Are you going to leave the windows in place? Extend the out side jambs?

Or remove the windows and add jamb extenders to the inside?

Let us know--Also--If you can post a picture or two it will help you get a better answer.--Mike--


----------



## wmjdr (Jun 7, 2010)

The windows are staying in place, I was thinking about extending the existing jambs, I just wasn't sure if I could take out the existing jambs while leaving the window in place.

Probably won't have any pictures, sorry.


----------



## oh'mike (Sep 18, 2009)

That's O.K.--I never figured out how to post pictures my self.

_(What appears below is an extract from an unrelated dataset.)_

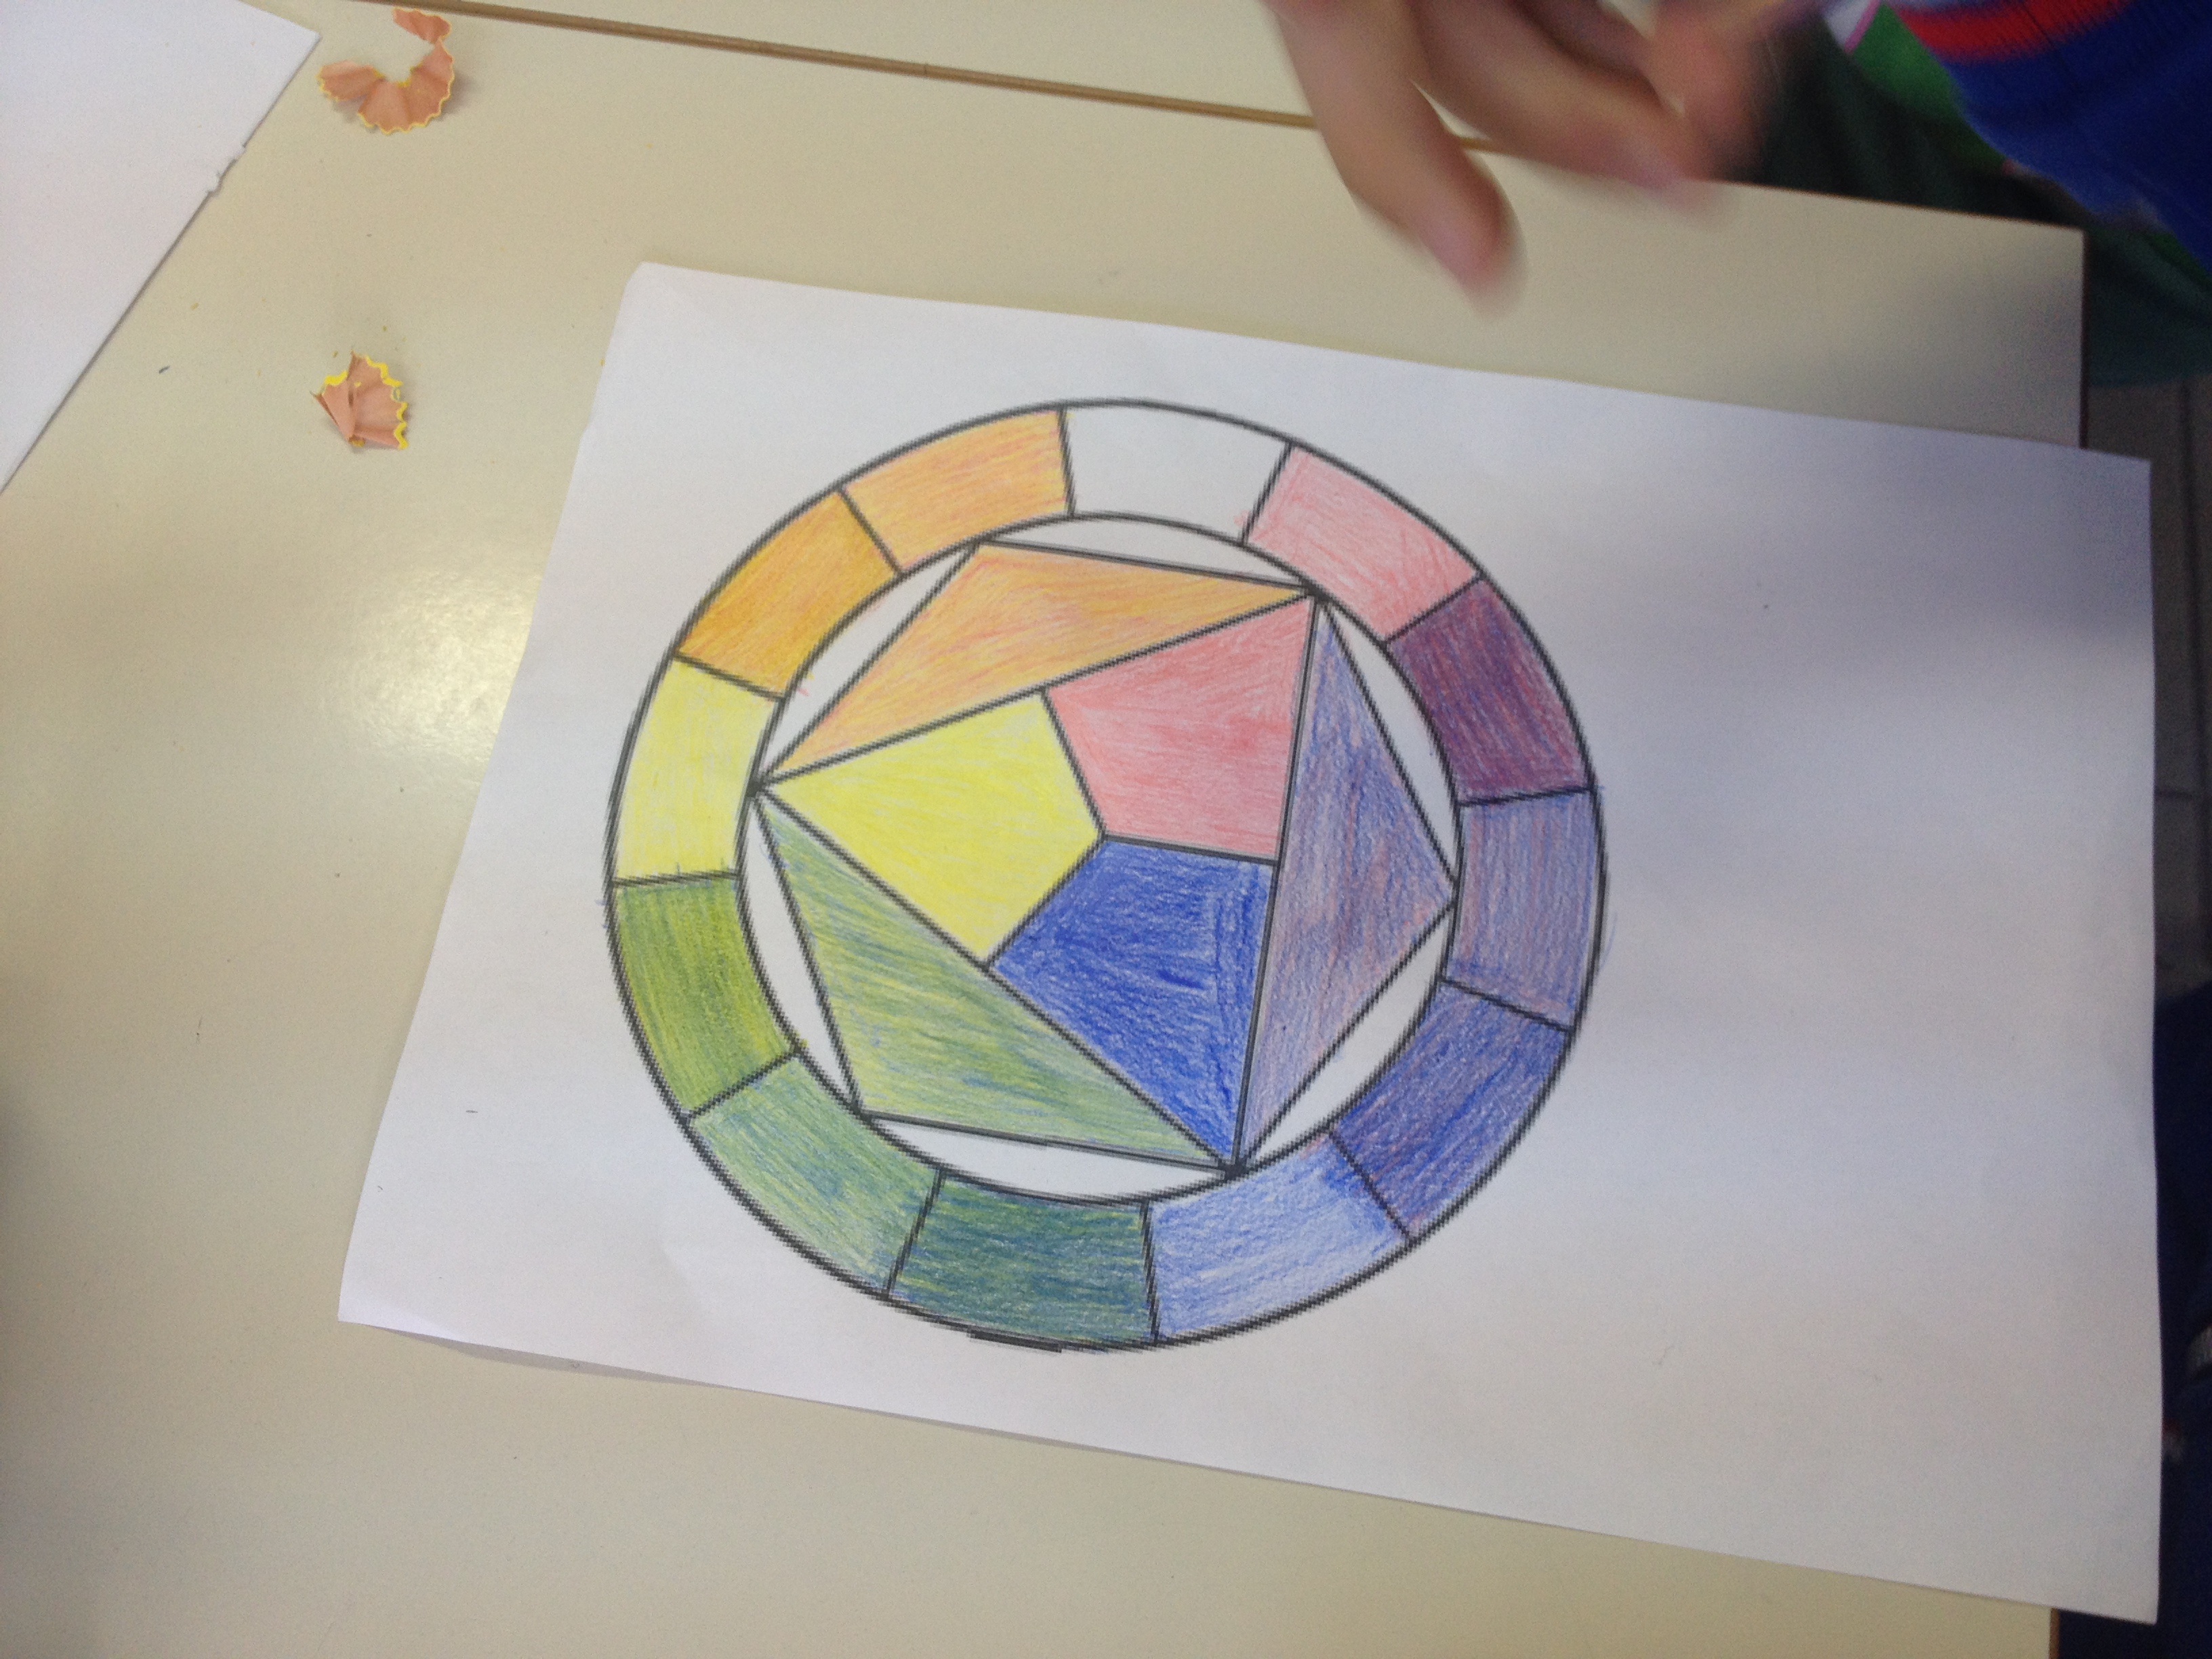 Teoria dei colori classe 5a: il cerchi di Itten e riflessione sui colori -  MaestraMarta

I'm not sure how to guide you on that on--I'm an inside trim guy--

Hopefully Tom Struble,Jhaslip or one of the siding pros will be home from work soon.--Mike--


----------



## wmjdr (Jun 7, 2010)

that's what I'd like advice on. I'll be adding depth on the inside of the house and was curious as to what my options were for the existing vinyl windows, without removing/replacing them. If I lost my intentions in translation I apologize


----------



## kwikfishron (Mar 11, 2010)

I’m totally confused.


*“I'm going to remove exterior walls to insulate”.

“If I leave the furring strips on the walls”
*The walls you just removed?

*“If I stud up the walls to put proper insulation in”
*I have to assume your not removing your block walls, do you want to stud up the outside? If so, how thick?

This is one were pictures are needed (for me anyway). I know you told Mike you can’t do pic’s. but maybe a friend can help you out.


----------



## Tom Struble (Dec 29, 2008)

sounds like he means remove the exterior siding and either leave the existing 1x furring or use a 2x on the flat?for more insulation? i would much prefer to have most of the extension jamb in the inside of the house so the units aren't too sunken in,they can get hard to weather proof the deeper they are


----------



## jomama45 (Nov 13, 2008)

I guess this is fairly confusing, but I read it as he's just gutting the interior of the outside walls, not the interior walls. I don't think he's touching the outside at all.

All I can say is use as much insulation as you can now, as energy will never get cheaper, nor will there be a better time to install it.

I'd also search around your area for a contractor that can insulate the block cavities with "Core Bond" or the like. It only adds R5 or so, but it doesn't take away any more interior space.

On edit, I would either add to the existing ext. jambs with a small reveal, or return the drywall to the window on 3 sides, with a stool at the bottom. You'd probably want to use a j-channel/drywall reciever at the windows as well.

I can't say that I really like the DW returns personally, but it's your call.


----------